**WORK INSTRUCTIONS**
Please copy exactly the lines from the first in the records through the line that contains "Very Good Pre-Owned Condition.", but not the pictures.

Records drawn from a dataset:
Start of Block

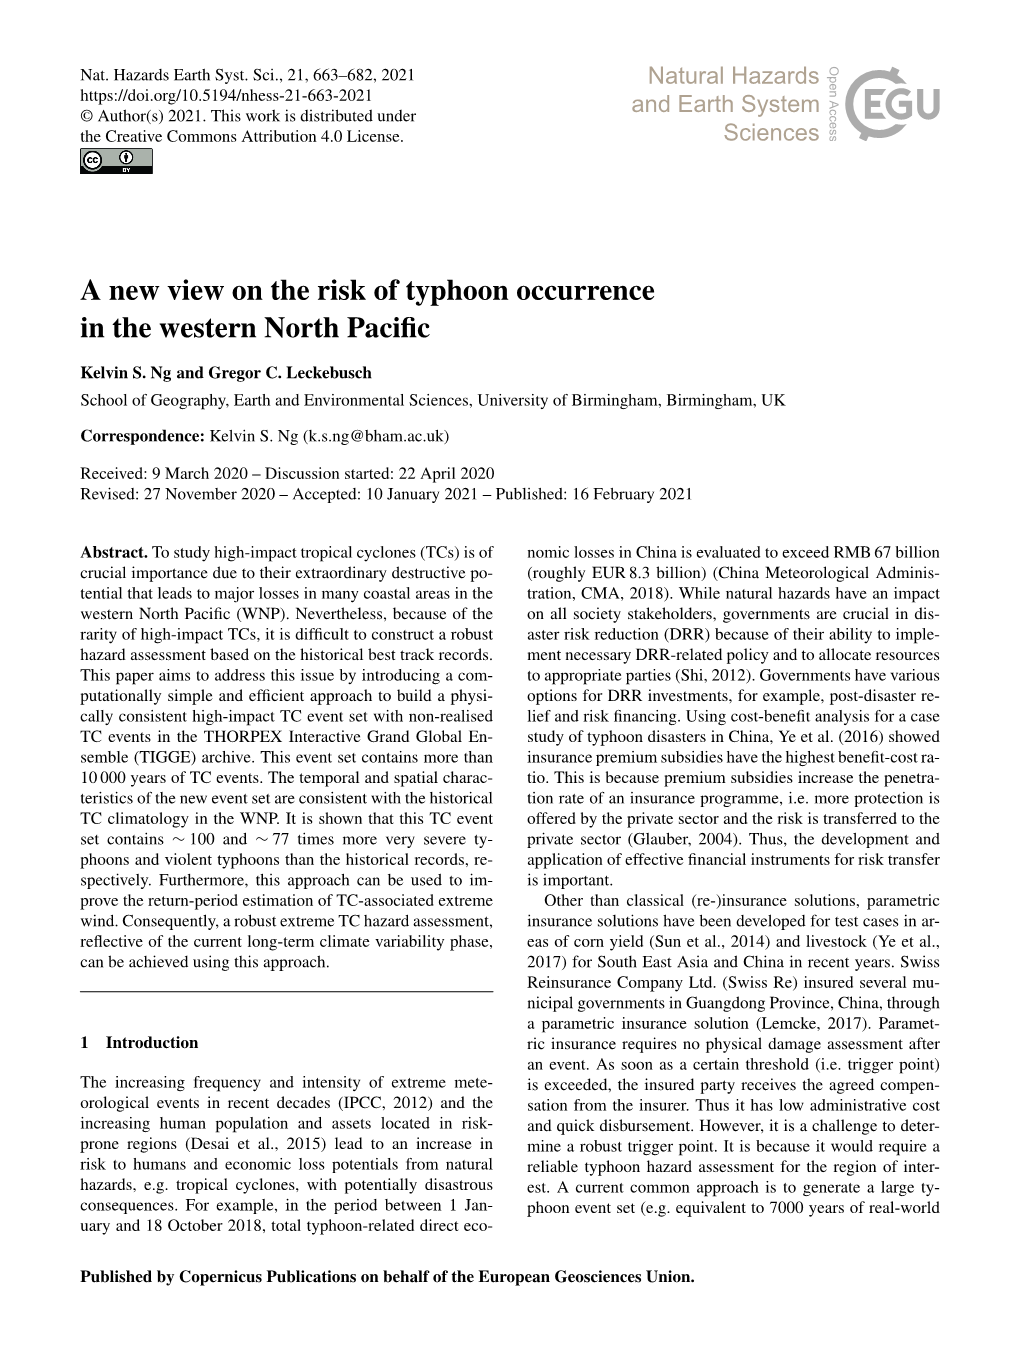 A New View on the Risk of Typhoon Occurrence in the Western North Paciﬁc
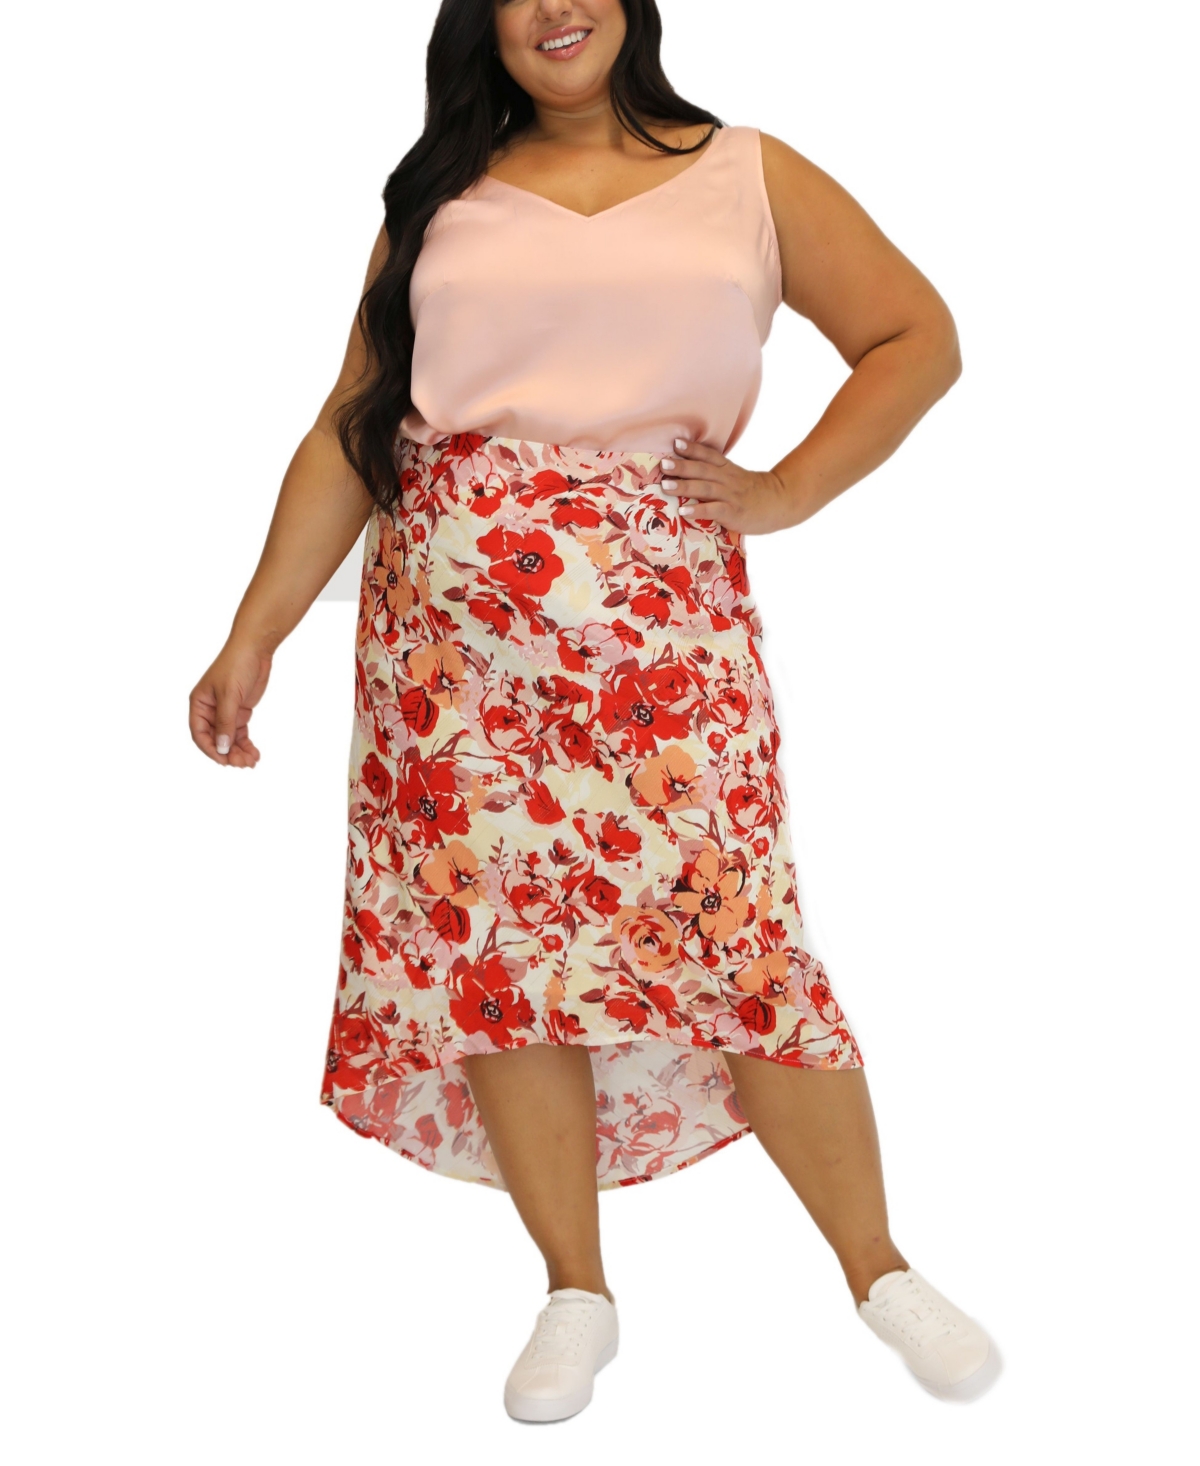 Maree Pour Toi Women's Plus Size Floral Printed High Low Skirt
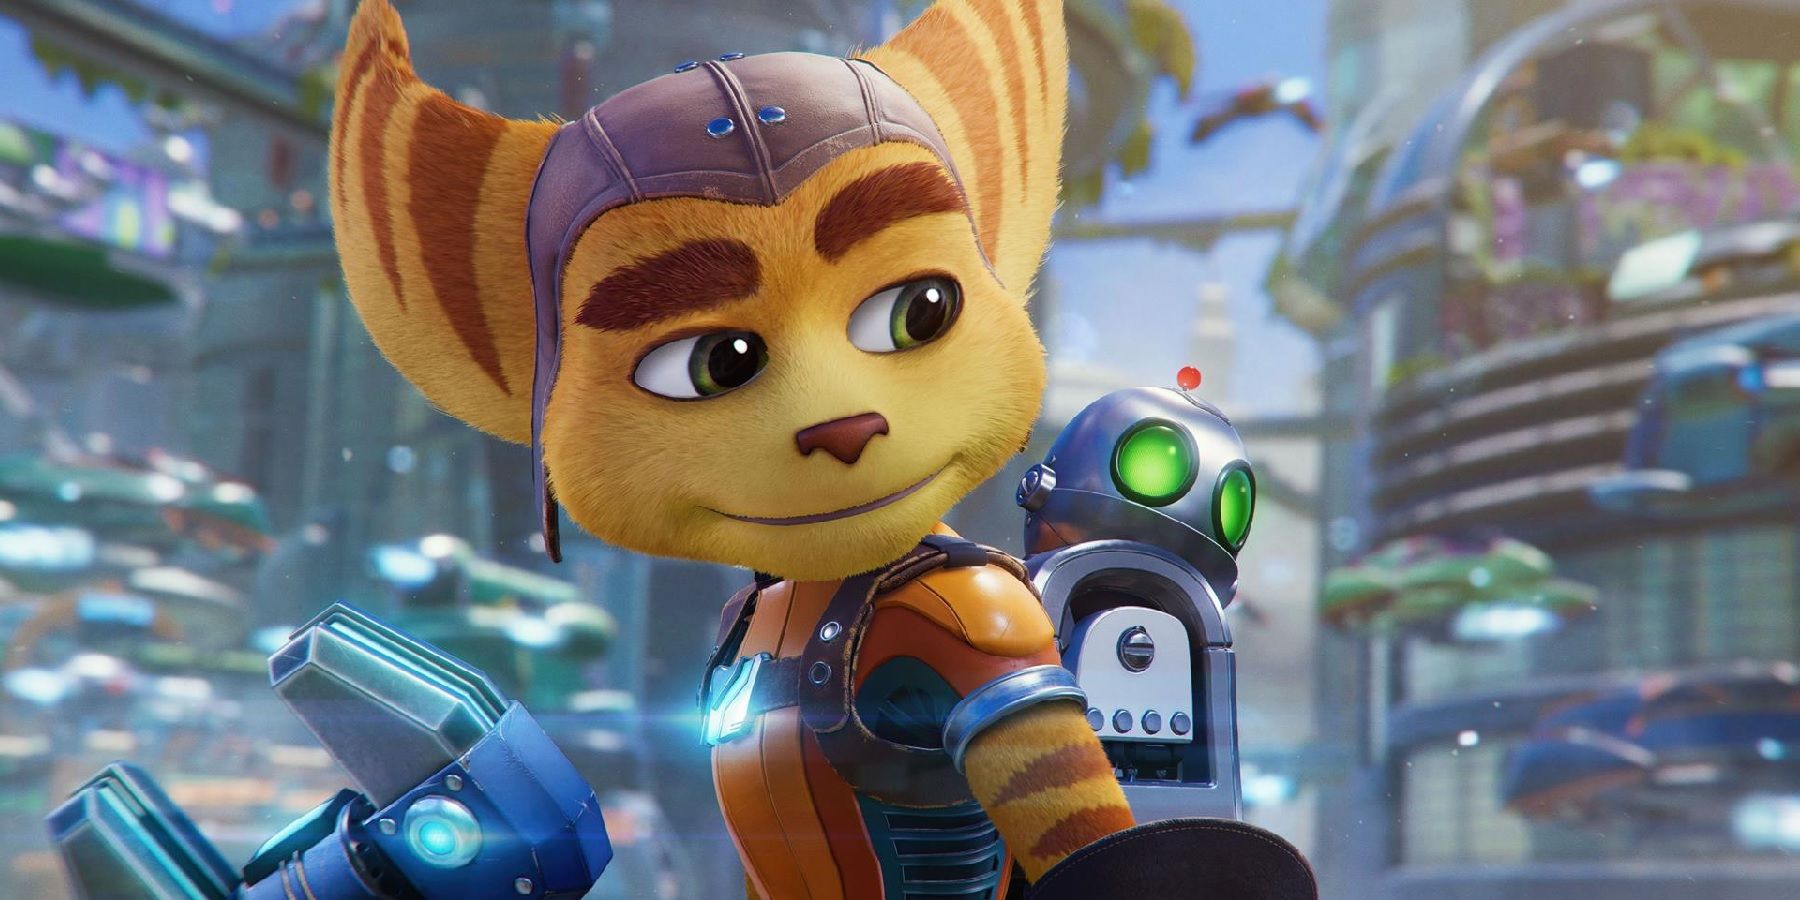 Ratchet and Clank together in Rift Apart
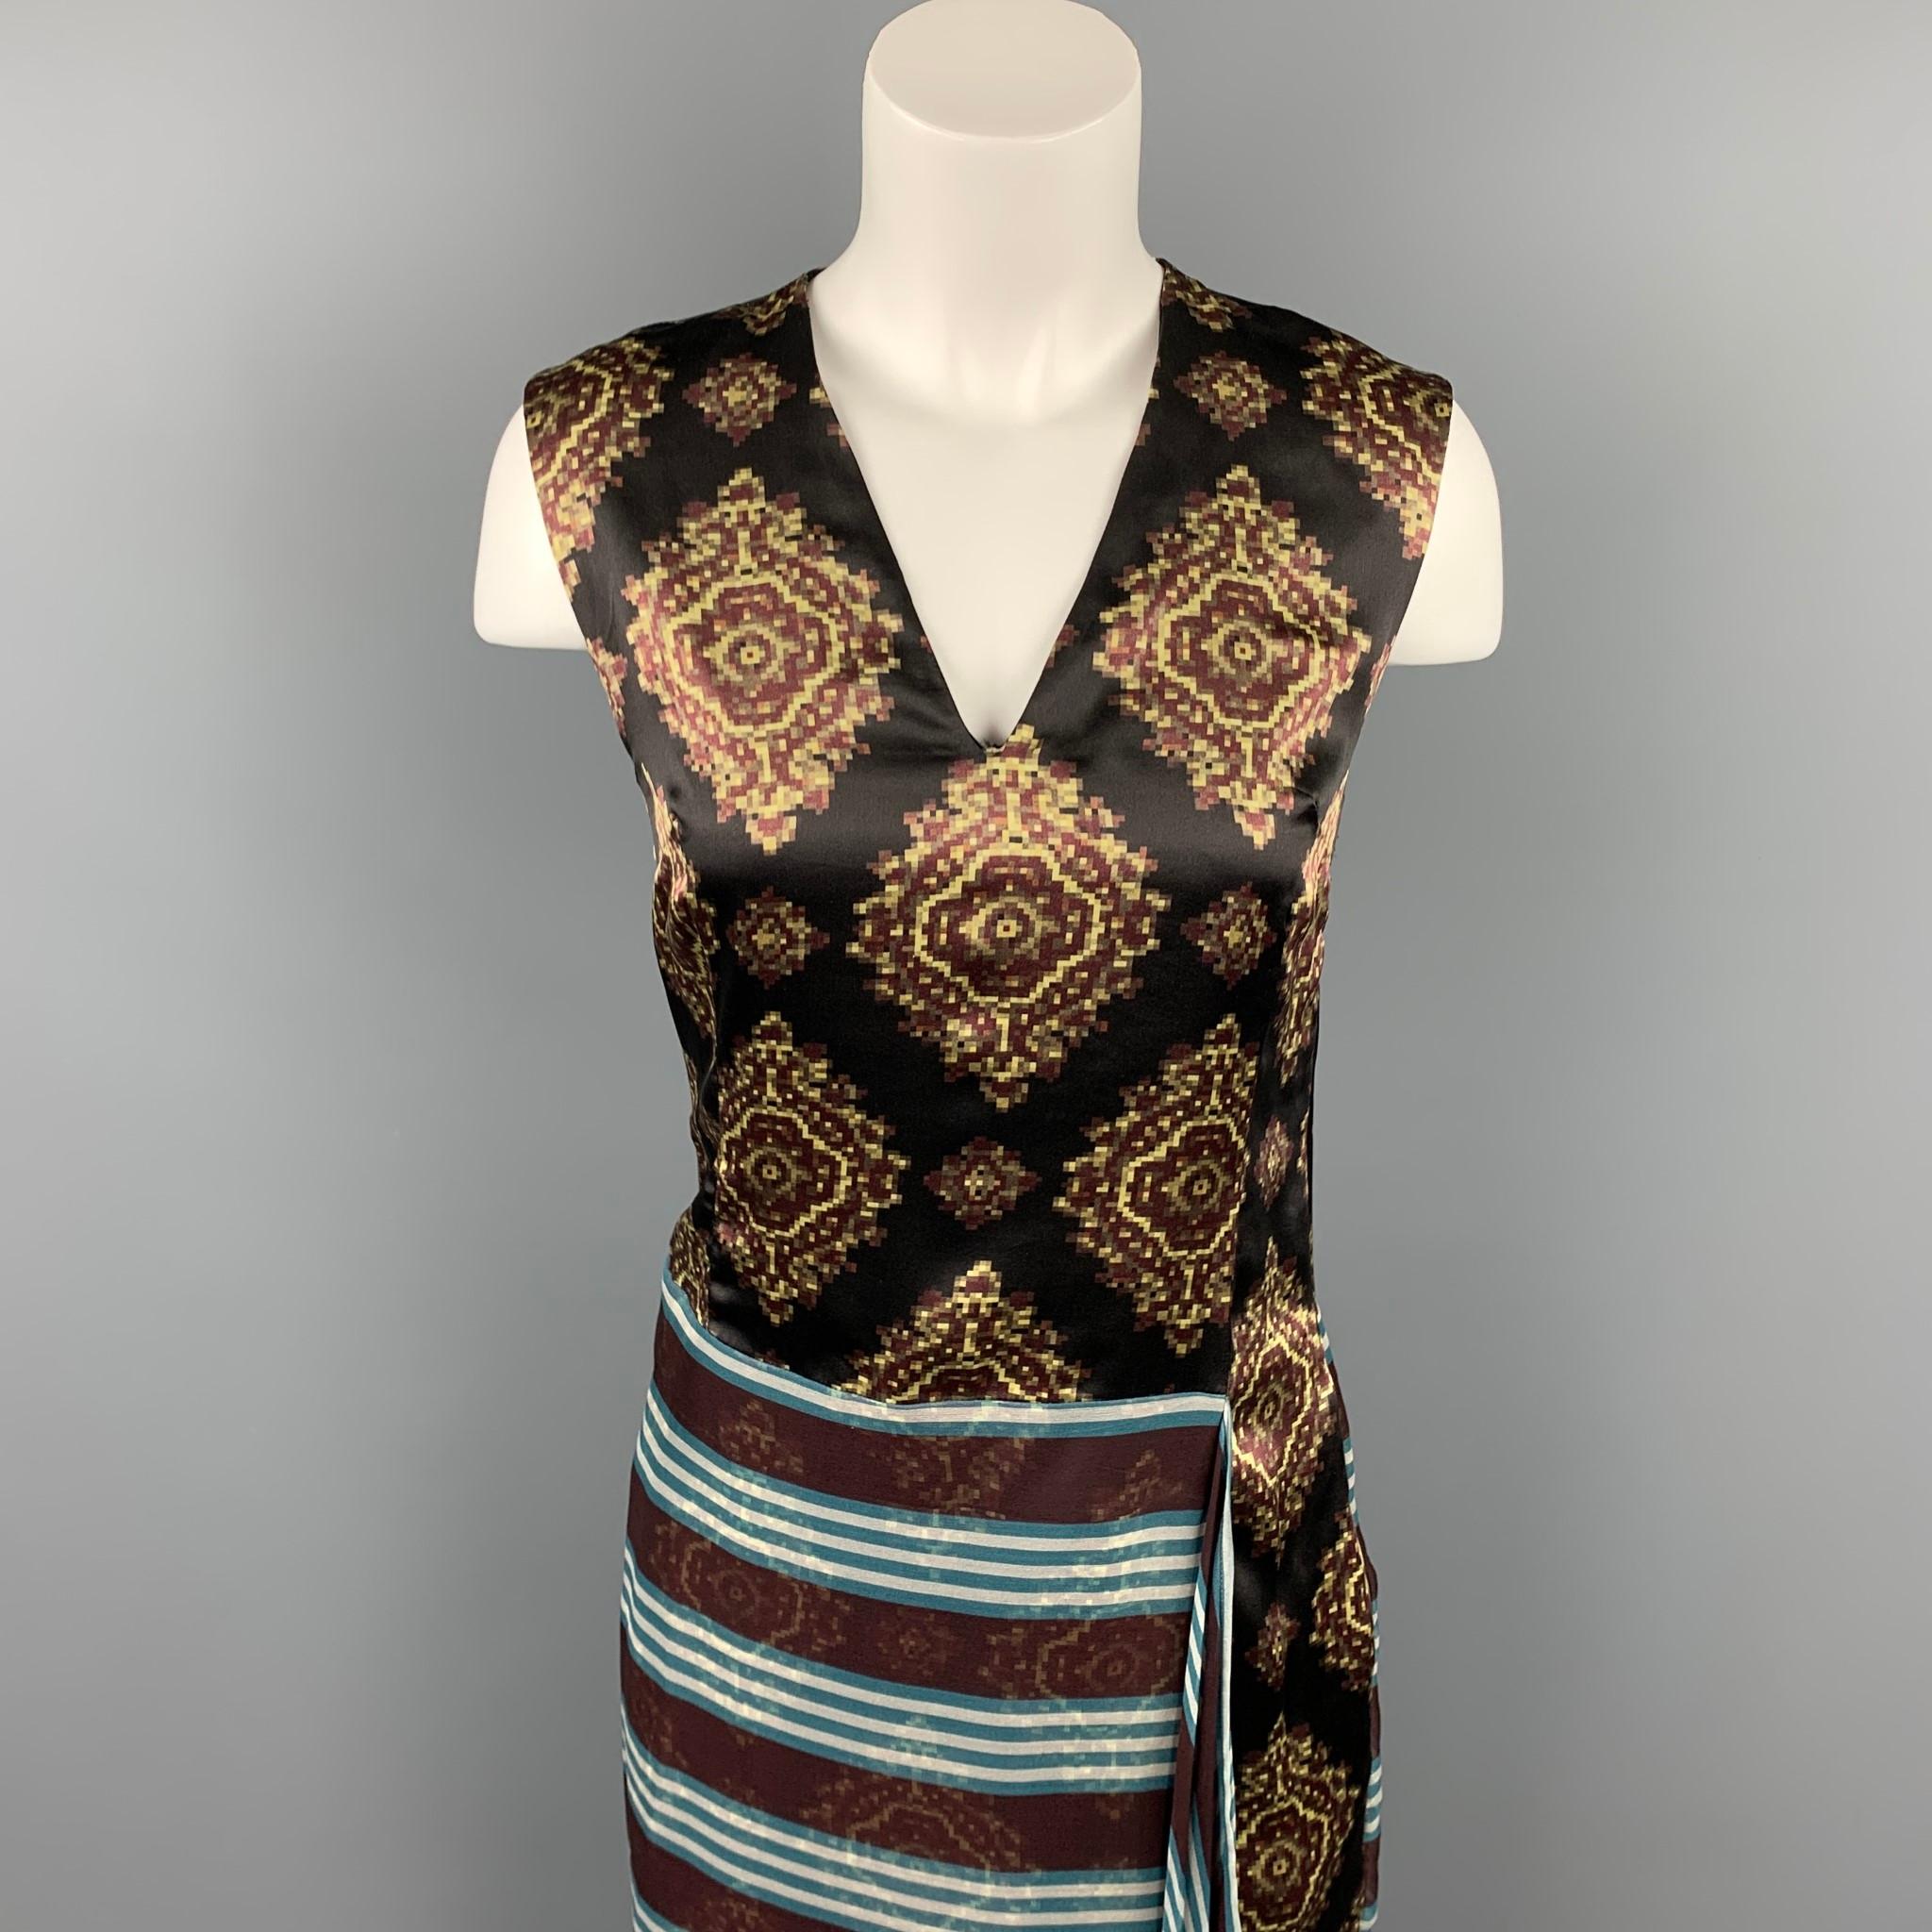 DRIES VAN NOTEN dress comes in a multi-color patchwork silk with a slip liner featuring a shift style, front see through layer, v-neck, and a side zipper closure. Made in Belgium.

Very Good Pre-Owned Condition.
Marked: 34

Measurements:

Bust: 32

End of Block

**THE COMPLETED TASK**
 A New View on the Risk of Typhoon Occurrence in the Western North Paciﬁc
 Maree Pour Toi Women's Plus Size Floral Printed High Low Skirt
 Ratchet and Clank together in Rift Apart
 DRIES VAN NOTEN dress comes in a multi-color patchwork silk with a slip liner featuring a shift style, front see through layer, v-neck, and a side zipper closure. Made in Belgium.

Very Good Pre-Owned Condition.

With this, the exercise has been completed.